We have two competing ways of building docker images

  • Using skaffold to launch in cluster builds
  • Using Google Cloud Build (possibly launched via Skaffold)

Neither approach currently works in all scenarios

  • Really big docker images (e.g. TensorFlow) see GoogleContainerTools/skaffold#7701 run into GKE AutoPilot cluster limits when building on GitHub

    • Concretely GKE Autopilot has a limit (10Gi) on ephemeral storage.

    • Kaniko seems to rely on ephemeral-storage in a fundamental way GoogleContainerTools/kaniko#2219

    • Mounting an ephemeral volume doesn’t seem to help

    • I haven’t fully tried GKE standard clusters to see if we can support large ephmeral-storage

  • Using Federated Login it should be able to securely connect to GCP from GitHub runners to trigger builds in GCP but we haven’t set that up yet

  • Hydros relies on Skaffold files and skaffold to trigger builds

  • Google Cloud Build supports Secret Manager and Cloud KMS for injecting credentials

  • Google Cloud Build supports triggers but it requires a Cloud Build File

    • The tags field could potentially be used in place of labels in Skaffold files with Hydros
    • Note: Labels still aren’t supported in skaffold configuration files GoogleContainerTools/skaffold#7425

Decision

Lets try to standardize on using GCB. The autopilot limits seem like the biggest blocker so getting GCB to work in all cases seems like the path of least resistance.

Kaniko On K8s

Running Kaniko on K8s is pretty straightforward.
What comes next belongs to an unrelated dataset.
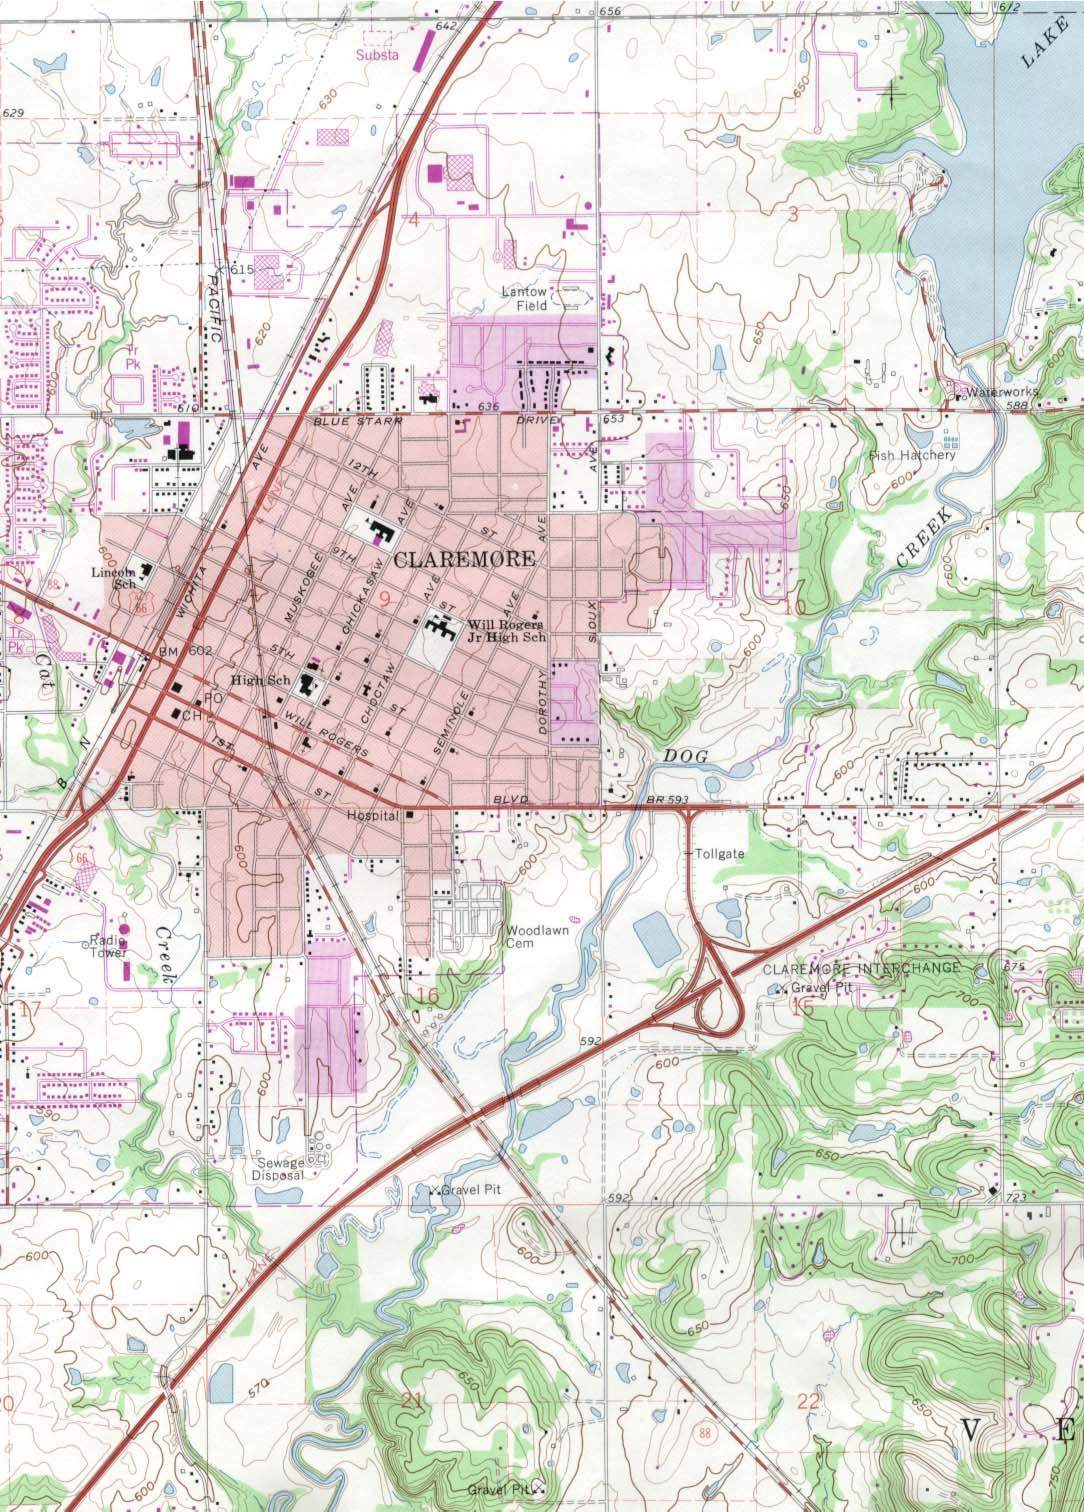 Mapa Topográfico de la Ciudad de Claremore, Oklahoma, Estados Unidos

The main challenge is building the context e.g. on GCS. Hydros now handles that.

There should be some examples of trying to use Kaniko in aiengineering/gpuserving/kaniko_job.yaml

Docker and Google Artifact Registry

To authenticate to artifact registry

run

gcloud auth configure-docker

edit /Users/jlewi/.docker/config.json and add artifact registry URLs

{
    "auths": {},
    "credsStore": "desktop",
    "credHelpers": {
        "asia.gcr.io": "gcloud",
        "eu.gcr.io": "gcloud",
        "gcr.io": "gcloud",
        "marketplace.gcr.io": "gcloud",
        "staging-k8s.gcr.io": "gcloud",
        "us.gcr.io": "gcloud",
        "us-west1-docker.pkg.dev": "gcloud",
        "pkg.dev": "gcloud"
    },
    "currentContext": "desktop-linux"
}